In this study, we focused on the GABergic signaling in the cerebellum because of its importance in normal development. In the cerebellar cortex, Purkinje, stellate, basket, and Golgi cells release GABA. We investigated the effect of lead poisoning and the protective effect of ascorbic acid on the morphology of the inhibitory synapses between Purkinje cells and interneurons. The GABA synthesizing GAD67 enzyme was detected in the somata and dendrites of Purkinje cells and in the molecular layer of the cerebellum. The expression of GAD67 in the lead group was the lowest, while ascorbic acid treatment restored the immunoreactivity of GAD67 in the cerebellum. Similarly, Bernocchi et al. demonstrated that cerebellar insults by cisplatin in the developing periods resulted in a reduction of GAD67 expression and structural deterioration of Purkinje cells [46]. Based on these results, we suggest that the reduction of the GABA synthesizing enzyme level is highly correlated with changes in the Purkinje cells. In addition, c-kit, which is tyrosine kinase receptor and it has been reported to be related to the development of synaptic connection [47], was abundantly expressed in the molecular layer, periphery of somata of Purkinje cells and pinceau structures. Pinceau is formed via synapses between the axonal terminals of basket cells and the initial segments of the axons of Purkinje cells. Functionally, this synapse negatively regulates firing of an action potential in inhibitory Purkinje cells with consequent activation [33]. In the present study, c-kit showed the same pattern of change with GABAergic signals in the cerebellar cortex. Along with the reduction of pinceau structures, lead exposure reduced the expression of c-kit in the molecular layer of the cerebellum. We assumed that the reduction of c-kit immunoreactive inhibitory synapse was correlated with the reduction in the number of Purkinje cells. Indeed, upregulation of c-kit in the cerebellar inhibitory synapse of a kainic acid-induced seizure model was highly correlated with the expression of stem cell factor in the axonal process of Purkinje cells [48]. In particular, ascorbic acid-induced restoration of c-kit immunoreactivity in the periphery of the Purkinje cells suggested that the GABAergic synapse was protected against lead-induced developmental defects.

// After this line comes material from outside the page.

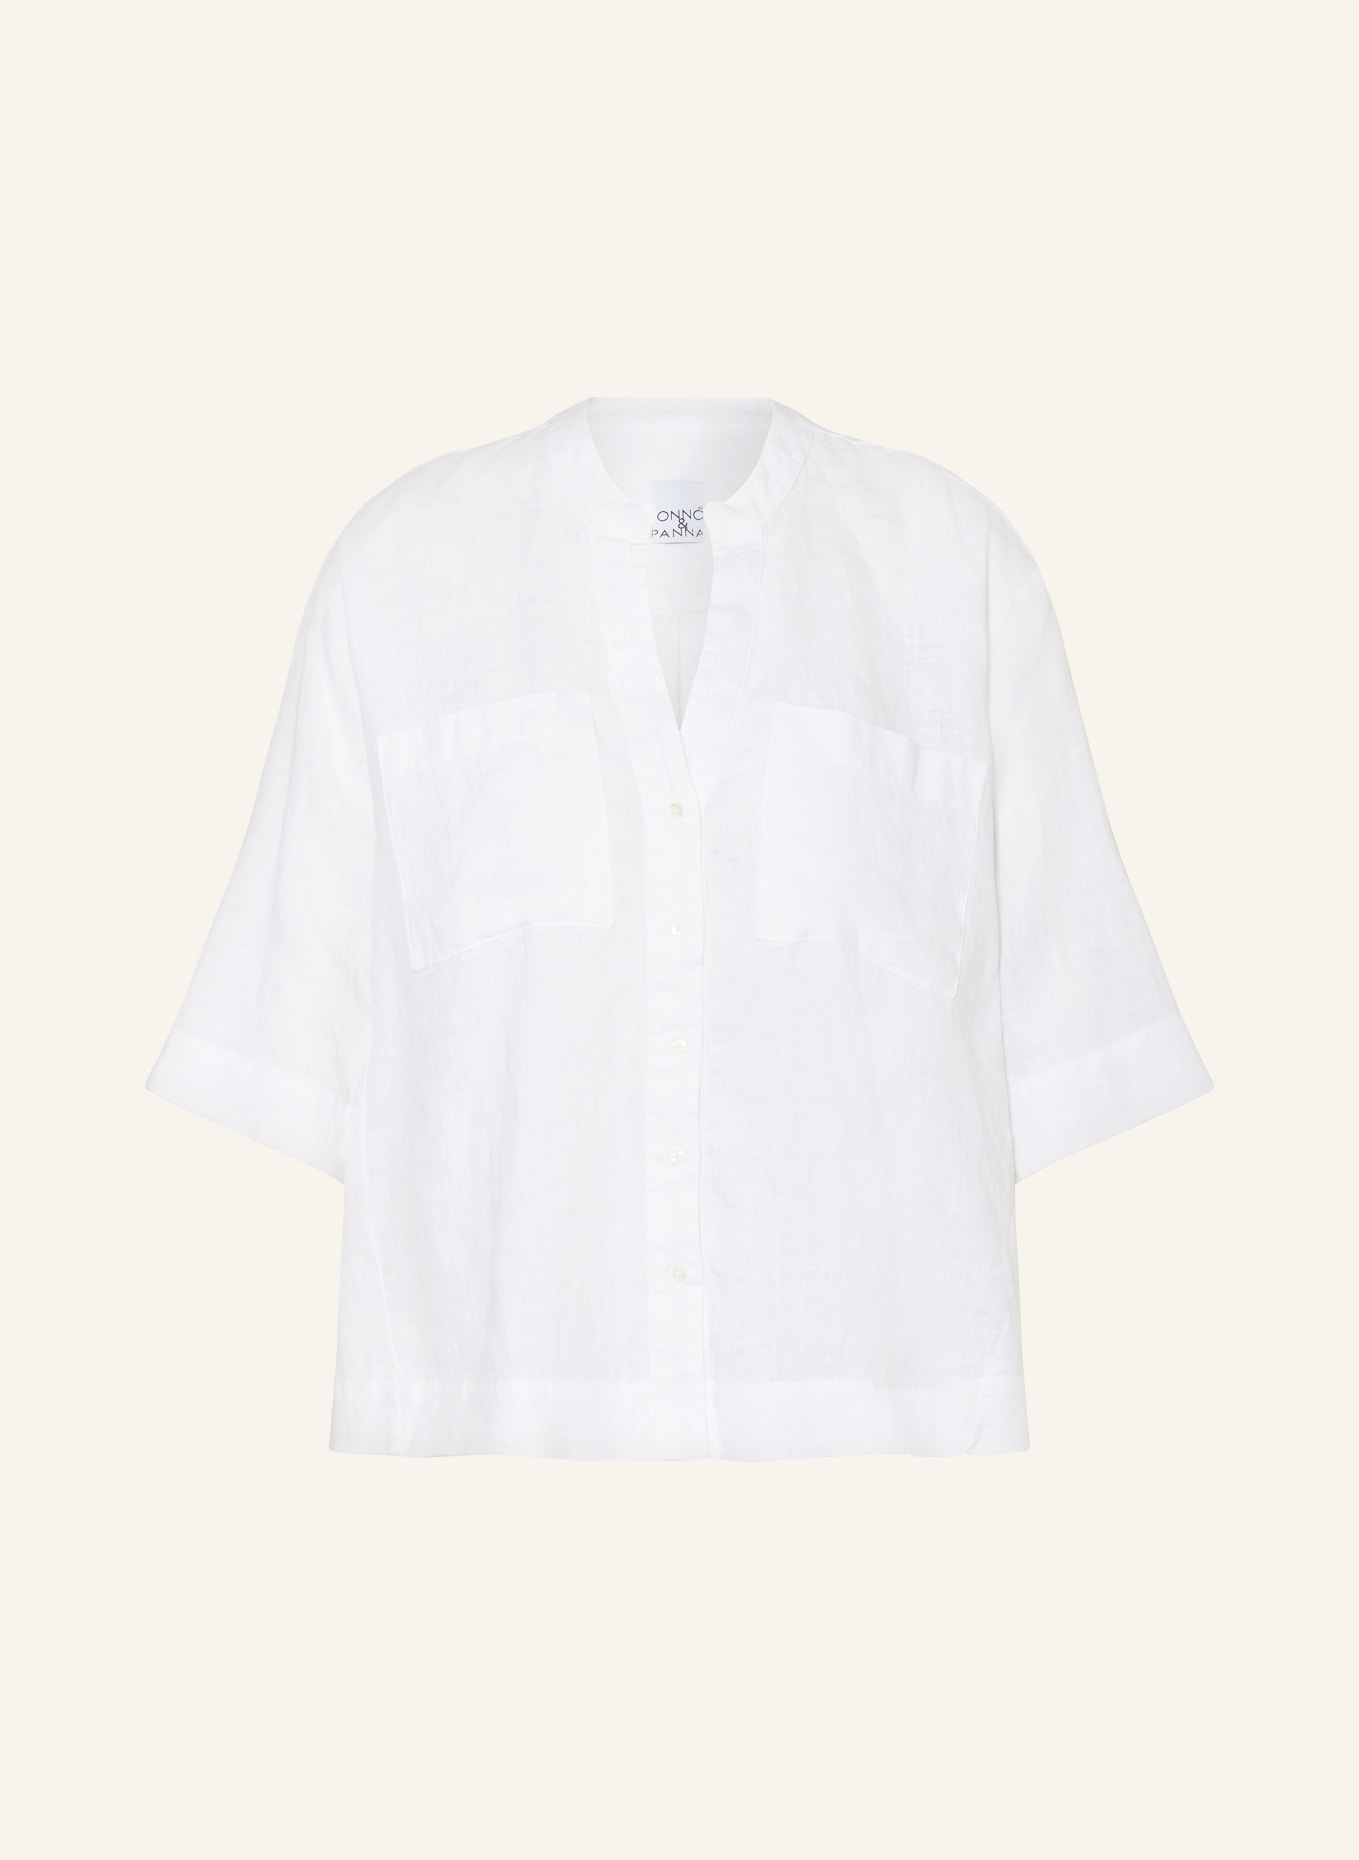 TONNO & PANNA Linen blouse with 3/4 sleeves, Color: WHITE (Image 1)
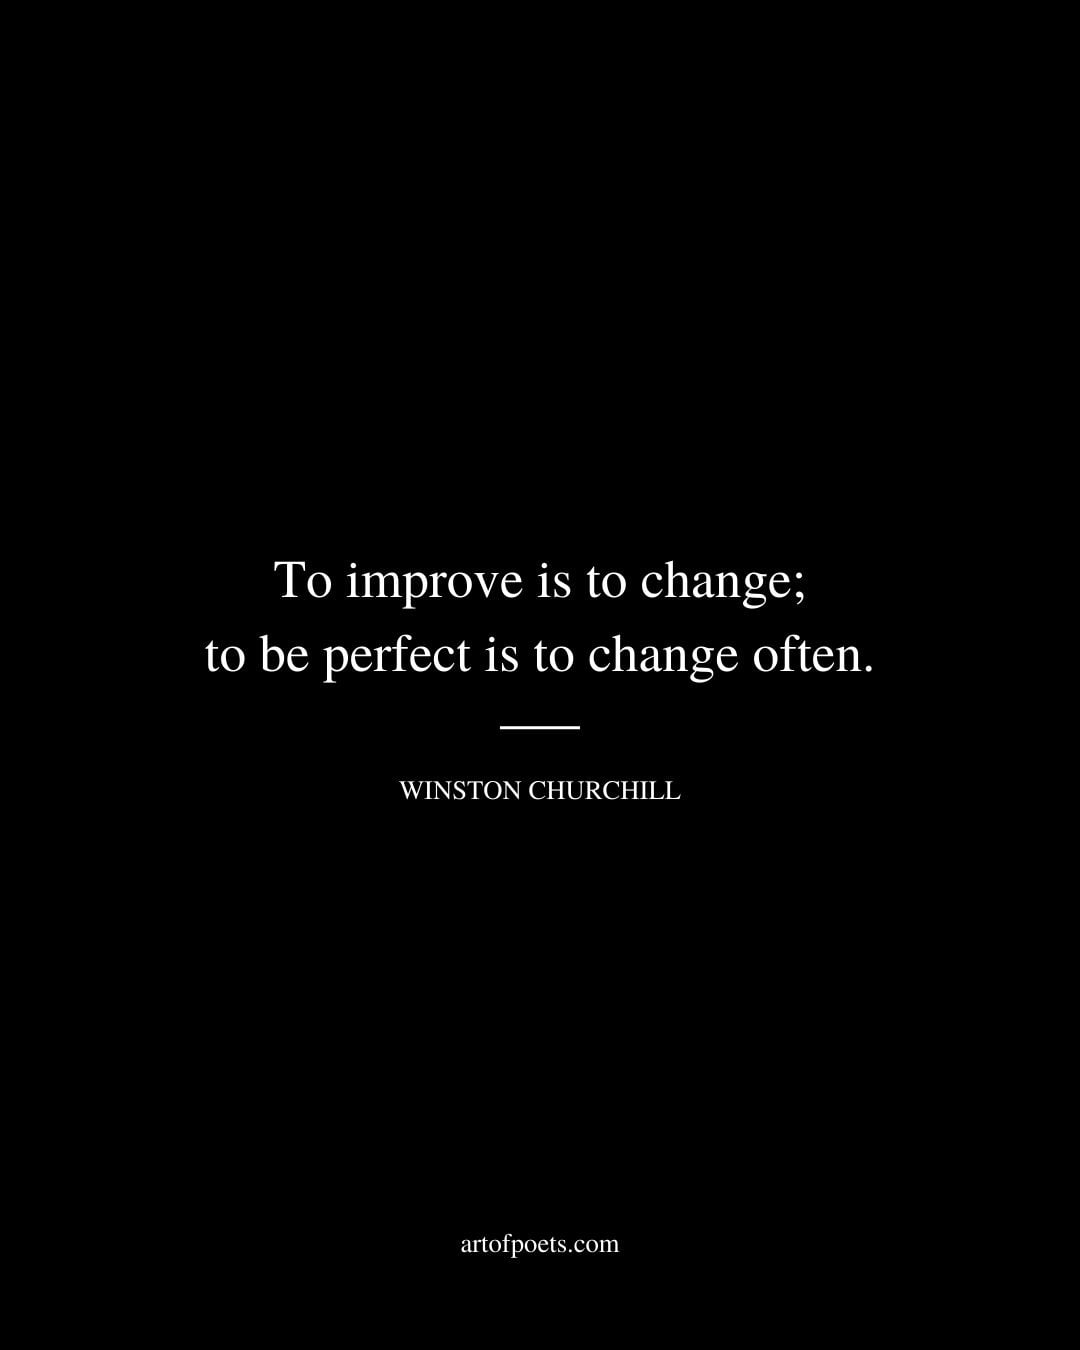 To improve is to change to be perfect is to change often

In the present study, we did not further investigate the underlying molecular mechanisms and functional consequences of the effects of lead and ascorbic acid treatment on the GABAergic synapses in the cerebellum. It is known that the GABAergic system and glutamatergic systems interact with each other and that the regulatory glutamate-glutamine (GABA) cycle develops at postnatal age of 3–4 weeks [49]. Therefore, future studies addressing whether the present reduction of the GABAergic synapse is related to the glutamatergic synapse in the cerebellum are warranted. Yeganeh-Doost et al. reported that alterations in the glutamatergic N-methyl-D-aspartate receptor complex lead to dysfunction of GABAergic signaling and subsequent decrease in the inhibitory action in the cerebellum [50]. Gestational exposure to lead acetate impaired K+-stimulated hippocampal glutamate and GABA release [51]. The neuromodulatory role of ascorbic acid has been linked with its protective effect against glutamate-induced neuronal damage by removing extracellular glutamate [52].

Conclusion

Our present results indicated that co-administration of ascorbic acid with lead was effective in ameliorating the detrimental effects of lead intoxication in the developing cerebellum. In particular, the ascorbic acid protected the Purkinje cells from degeneration and spared more abundant GABAergic signals in the cerebellar cortex as a result of more synapses in the periphery of Purkinje cells.